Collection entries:
- - - -
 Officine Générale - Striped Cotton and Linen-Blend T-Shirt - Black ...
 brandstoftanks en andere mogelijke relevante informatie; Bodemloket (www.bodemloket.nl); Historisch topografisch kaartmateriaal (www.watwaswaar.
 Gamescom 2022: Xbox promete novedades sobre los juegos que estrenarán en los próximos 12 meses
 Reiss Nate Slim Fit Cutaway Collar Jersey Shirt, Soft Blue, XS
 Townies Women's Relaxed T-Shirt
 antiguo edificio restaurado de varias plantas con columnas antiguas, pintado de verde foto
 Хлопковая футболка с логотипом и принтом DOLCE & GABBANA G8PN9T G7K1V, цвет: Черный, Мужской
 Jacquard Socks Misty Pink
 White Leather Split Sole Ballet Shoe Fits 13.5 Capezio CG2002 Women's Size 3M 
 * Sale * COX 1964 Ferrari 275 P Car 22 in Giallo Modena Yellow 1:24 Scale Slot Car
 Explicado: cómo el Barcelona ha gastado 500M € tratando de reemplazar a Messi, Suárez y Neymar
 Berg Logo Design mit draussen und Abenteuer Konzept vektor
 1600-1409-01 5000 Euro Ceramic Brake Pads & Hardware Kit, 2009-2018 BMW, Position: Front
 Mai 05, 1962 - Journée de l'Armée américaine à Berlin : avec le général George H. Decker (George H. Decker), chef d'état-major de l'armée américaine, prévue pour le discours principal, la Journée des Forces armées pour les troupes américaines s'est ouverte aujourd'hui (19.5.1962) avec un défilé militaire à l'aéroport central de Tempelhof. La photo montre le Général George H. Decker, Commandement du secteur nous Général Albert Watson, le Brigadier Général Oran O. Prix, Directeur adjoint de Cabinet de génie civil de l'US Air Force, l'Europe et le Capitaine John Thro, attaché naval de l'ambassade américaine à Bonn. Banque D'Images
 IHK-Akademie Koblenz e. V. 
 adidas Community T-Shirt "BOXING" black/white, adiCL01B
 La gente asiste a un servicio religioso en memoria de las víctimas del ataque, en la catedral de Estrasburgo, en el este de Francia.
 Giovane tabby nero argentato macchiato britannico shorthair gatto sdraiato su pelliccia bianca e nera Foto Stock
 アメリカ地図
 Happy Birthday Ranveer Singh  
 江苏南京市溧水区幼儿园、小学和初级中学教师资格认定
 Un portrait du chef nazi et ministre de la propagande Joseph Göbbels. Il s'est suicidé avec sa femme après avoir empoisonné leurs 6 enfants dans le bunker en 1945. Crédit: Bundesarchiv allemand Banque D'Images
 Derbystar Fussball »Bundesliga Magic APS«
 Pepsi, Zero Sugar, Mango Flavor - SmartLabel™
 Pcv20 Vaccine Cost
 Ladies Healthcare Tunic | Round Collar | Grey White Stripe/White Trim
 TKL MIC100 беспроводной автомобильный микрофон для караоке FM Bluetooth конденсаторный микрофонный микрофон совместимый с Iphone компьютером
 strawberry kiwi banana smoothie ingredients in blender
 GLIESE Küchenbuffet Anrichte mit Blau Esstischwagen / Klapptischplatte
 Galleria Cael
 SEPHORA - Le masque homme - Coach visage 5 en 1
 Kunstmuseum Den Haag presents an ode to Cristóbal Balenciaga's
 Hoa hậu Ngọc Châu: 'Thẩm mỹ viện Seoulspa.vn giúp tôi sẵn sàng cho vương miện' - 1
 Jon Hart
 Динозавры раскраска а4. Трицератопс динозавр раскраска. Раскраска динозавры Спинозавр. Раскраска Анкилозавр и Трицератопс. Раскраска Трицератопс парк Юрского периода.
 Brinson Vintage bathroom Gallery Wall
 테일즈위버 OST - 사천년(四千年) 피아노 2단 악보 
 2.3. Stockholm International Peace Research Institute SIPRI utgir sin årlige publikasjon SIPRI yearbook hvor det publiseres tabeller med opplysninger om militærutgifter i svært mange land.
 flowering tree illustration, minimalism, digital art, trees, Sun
- - - -
TASK BRIEF =
Going line by line, set down the data above exactly as given.

EXERCISE RESULT =
 Officine Générale - Striped Cotton and Linen-Blend T-Shirt - Black ...
 brandstoftanks en andere mogelijke relevante informatie; Bodemloket (www.bodemloket.nl); Historisch topografisch kaartmateriaal (www.watwaswaar.
 Gamescom 2022: Xbox promete novedades sobre los juegos que estrenarán en los próximos 12 meses
 Reiss Nate Slim Fit Cutaway Collar Jersey Shirt, Soft Blue, XS
 Townies Women's Relaxed T-Shirt
 antiguo edificio restaurado de varias plantas con columnas antiguas, pintado de verde foto
 Хлопковая футболка с логотипом и принтом DOLCE & GABBANA G8PN9T G7K1V, цвет: Черный, Мужской
 Jacquard Socks Misty Pink
 White Leather Split Sole Ballet Shoe Fits 13.5 Capezio CG2002 Women's Size 3M 
 * Sale * COX 1964 Ferrari 275 P Car 22 in Giallo Modena Yellow 1:24 Scale Slot Car
 Explicado: cómo el Barcelona ha gastado 500M € tratando de reemplazar a Messi, Suárez y Neymar
 Berg Logo Design mit draussen und Abenteuer Konzept vektor
 1600-1409-01 5000 Euro Ceramic Brake Pads & Hardware Kit, 2009-2018 BMW, Position: Front
 Mai 05, 1962 - Journée de l'Armée américaine à Berlin : avec le général George H. Decker (George H. Decker), chef d'état-major de l'armée américaine, prévue pour le discours principal, la Journée des Forces armées pour les troupes américaines s'est ouverte aujourd'hui (19.5.1962) avec un défilé militaire à l'aéroport central de Tempelhof. La photo montre le Général George H. Decker, Commandement du secteur nous Général Albert Watson, le Brigadier Général Oran O. Prix, Directeur adjoint de Cabinet de génie civil de l'US Air Force, l'Europe et le Capitaine John Thro, attaché naval de l'ambassade américaine à Bonn. Banque D'Images
 IHK-Akademie Koblenz e. V. 
 adidas Community T-Shirt "BOXING" black/white, adiCL01B
 La gente asiste a un servicio religioso en memoria de las víctimas del ataque, en la catedral de Estrasburgo, en el este de Francia.
 Giovane tabby nero argentato macchiato britannico shorthair gatto sdraiato su pelliccia bianca e nera Foto Stock
 アメリカ地図
 Happy Birthday Ranveer Singh  
 江苏南京市溧水区幼儿园、小学和初级中学教师资格认定
 Un portrait du chef nazi et ministre de la propagande Joseph Göbbels. Il s'est suicidé avec sa femme après avoir empoisonné leurs 6 enfants dans le bunker en 1945. Crédit: Bundesarchiv allemand Banque D'Images
 Derbystar Fussball »Bundesliga Magic APS«
 Pepsi, Zero Sugar, Mango Flavor - SmartLabel™
 Pcv20 Vaccine Cost
 Ladies Healthcare Tunic | Round Collar | Grey White Stripe/White Trim
 TKL MIC100 беспроводной автомобильный микрофон для караоке FM Bluetooth конденсаторный микрофонный микрофон совместимый с Iphone компьютером
 strawberry kiwi banana smoothie ingredients in blender
 GLIESE Küchenbuffet Anrichte mit Blau Esstischwagen / Klapptischplatte
 Galleria Cael
 SEPHORA - Le masque homme - Coach visage 5 en 1
 Kunstmuseum Den Haag presents an ode to Cristóbal Balenciaga's
 Hoa hậu Ngọc Châu: 'Thẩm mỹ viện Seoulspa.vn giúp tôi sẵn sàng cho vương miện' - 1
 Jon Hart
 Динозавры раскраска а4. Трицератопс динозавр раскраска. Раскраска динозавры Спинозавр. Раскраска Анкилозавр и Трицератопс. Раскраска Трицератопс парк Юрского периода.
 Brinson Vintage bathroom Gallery Wall
 테일즈위버 OST - 사천년(四千年) 피아노 2단 악보 
 2.3. Stockholm International Peace Research Institute SIPRI utgir sin årlige publikasjon SIPRI yearbook hvor det publiseres tabeller med opplysninger om militærutgifter i svært mange land.
 flowering tree illustration, minimalism, digital art, trees, Sun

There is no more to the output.